By NPR Staff | 09/27/2013

With upwards of 650 movies out in an average year, there's no way NPR's critics are gonna write full-on reviews of everything we see. But we thought we'd take a stab at doing short takes on some of the notable things that didn't quite make the cut. If it sticks, we'll call 'em Clip Jobs. Let us know what you think.

When The 'Meatballs' Are Tasty, Hollywood Dishes Up More

We could discuss the mechanics of comedy, or the work that goes into crafting a good animated sight gag, or the perilous course a team of filmmakers must navigate when they set out to make a sequel to a hit that's inspired as much affection as Cloudy With a Chance of Meatballs.

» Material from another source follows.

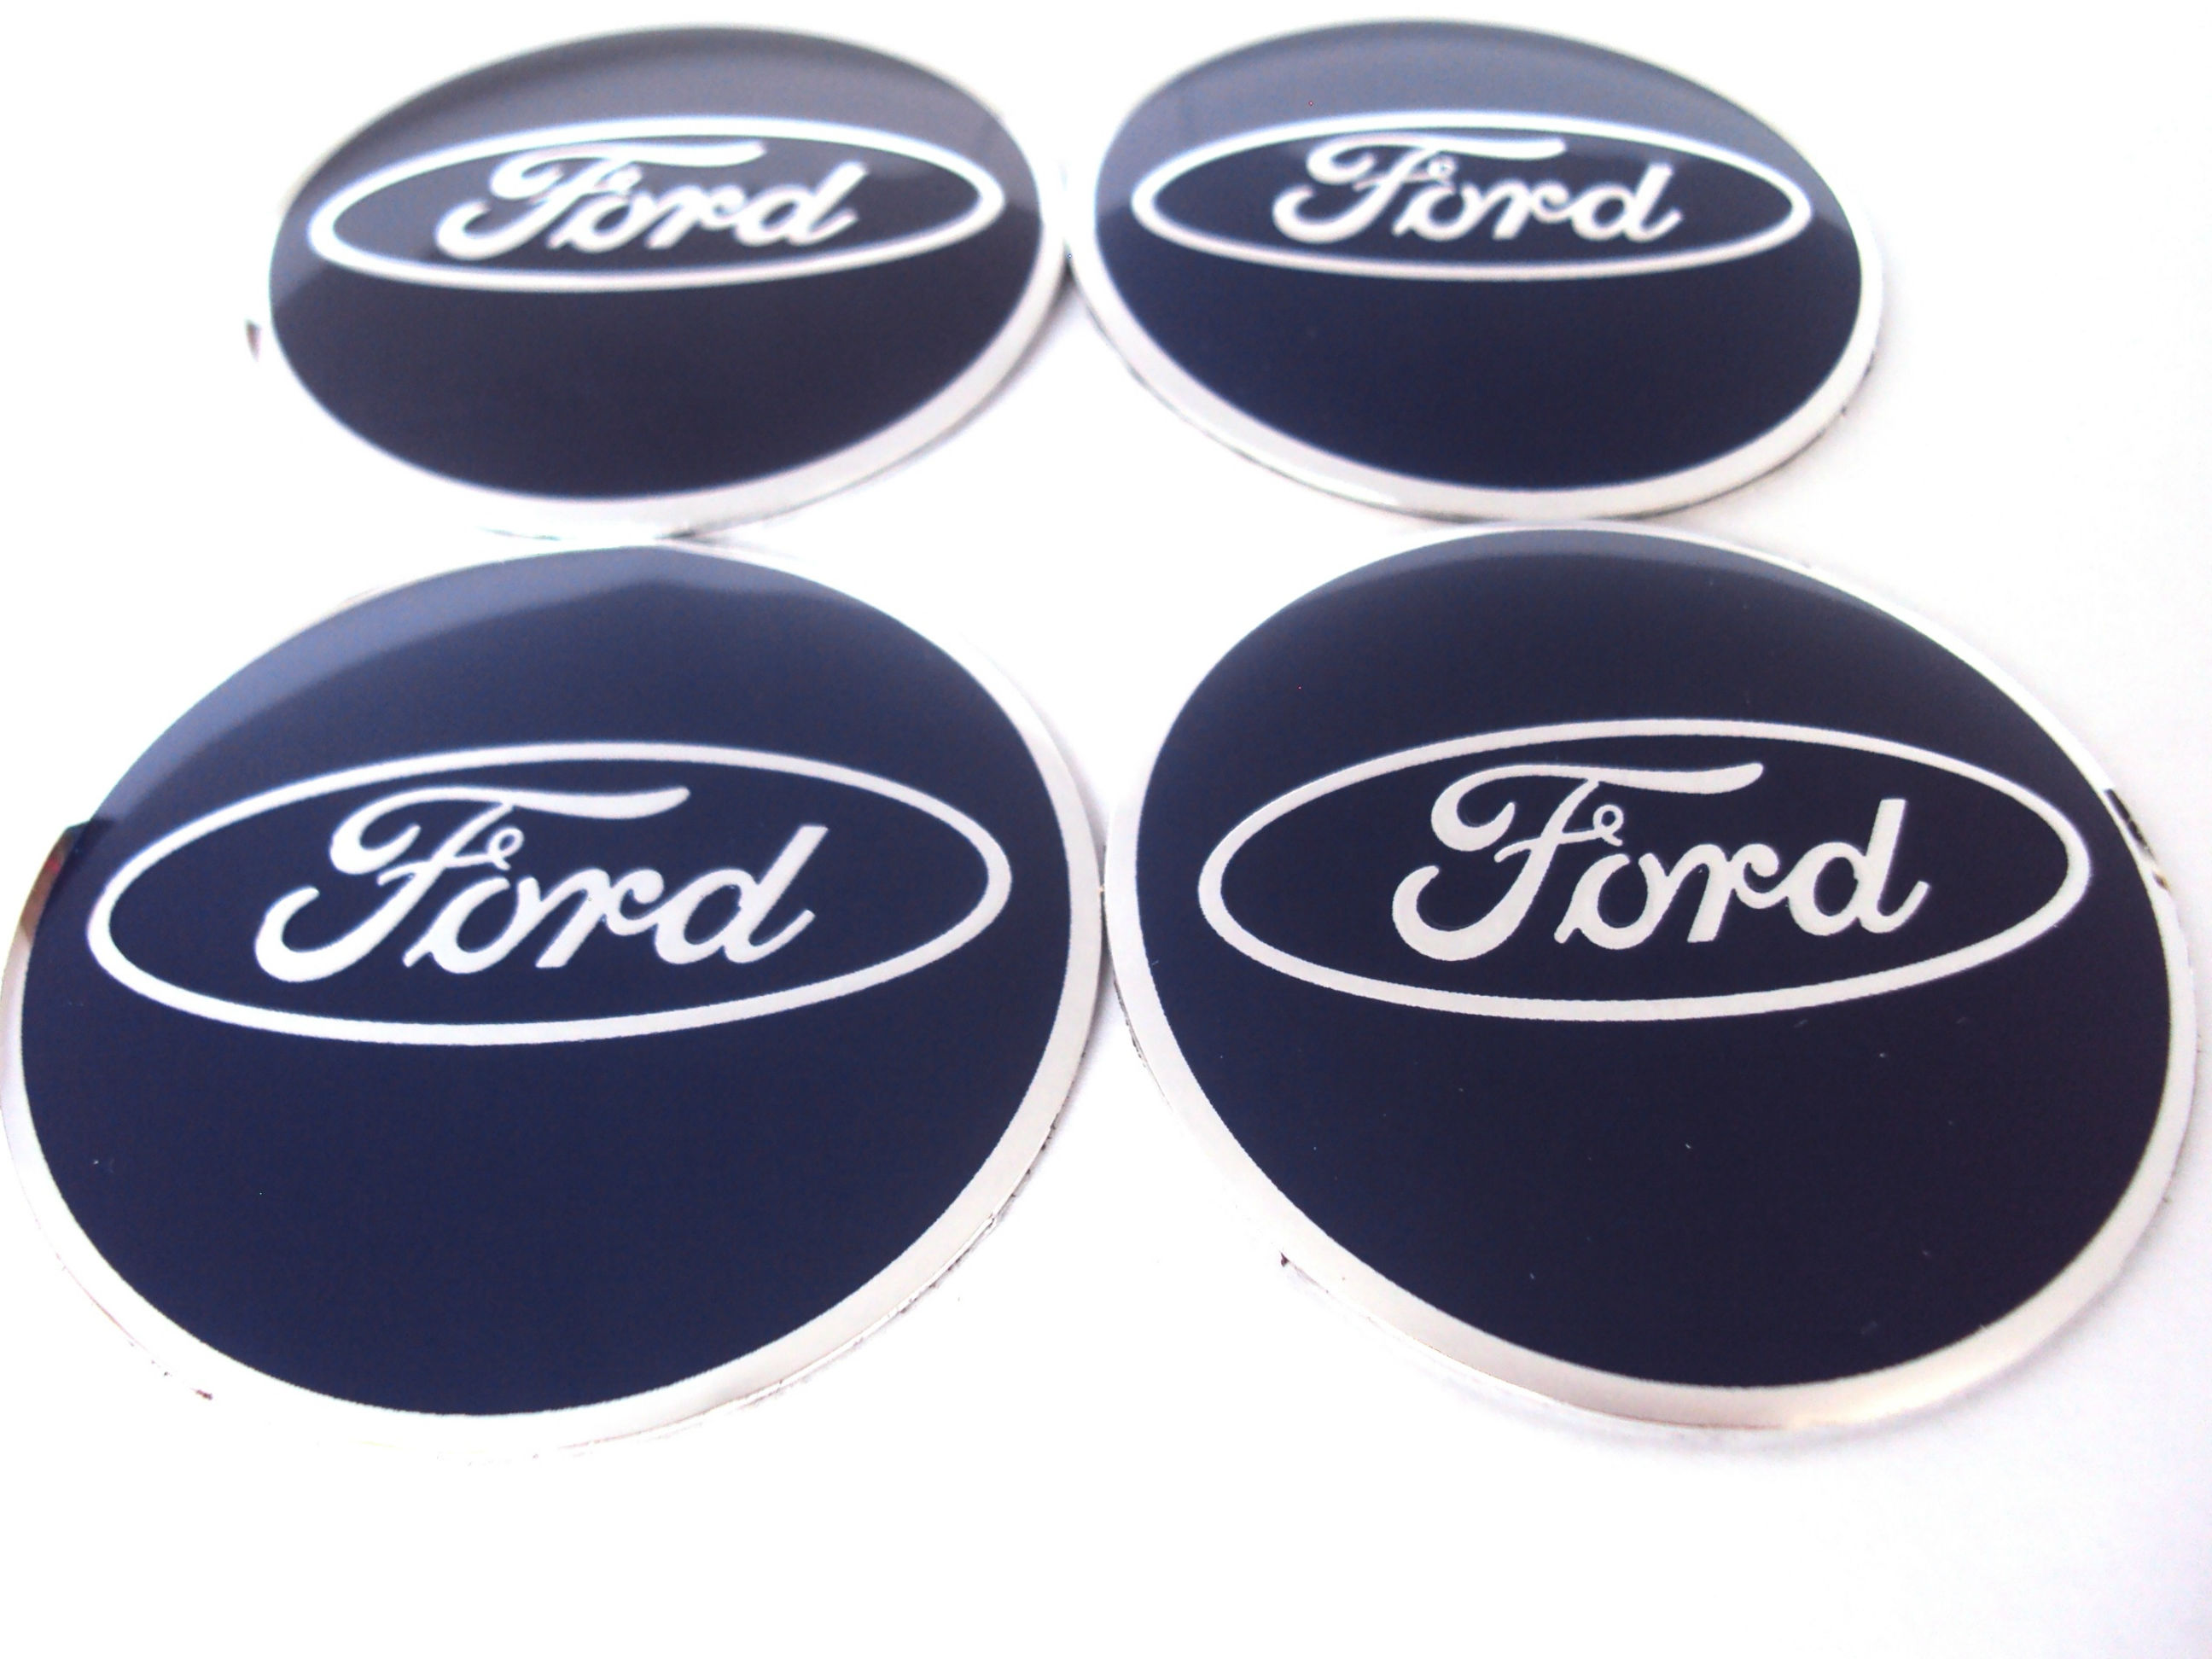 Купить логотип на диски. Наклейки Ford 80 мм на колпачки литых дисков. Наклейки на колпачки дисков Форд 60 мм синий. Наклейки Форд на колеса колесные диски колёса наклейка колпак Ford d-60mm. Наклейки на колпачки литых дисков 56 мм Форд Мондео.

Or we could just acknowledge that Meatballs 2, out today, is a film that involves watermelephants.

I said watermelephants:

Now, the 'melephants don't make an appearance in that clip, but a whole lot of other edible critters do — the just-high-enough concept of the sequel being that Flint Lockwood's out-of-control food-making machine wasn't entirely destroyed in the first film's finale, and that it's somehow evolved until what it's spitting out isn't just food, but living food. Shrimpanzees. Mosquitoast. A Tacodile Supreme.

At one point, everyone panics at the discovery that — you've seen the trailer, right? — there's a leek in the boat.

It's playful, it's joyful, it's little-guy-outwits-big-guy. (Will Forte is the preposterously well-funded villain, an animated slap at both Steve Jobs and Deepak Chopra.) And as with many an animated pic, it's got a message or two for little audiences ("eat sensibly," and "food comes with an ethic") packaged with many a pun to make things palatable for the bigger patrons.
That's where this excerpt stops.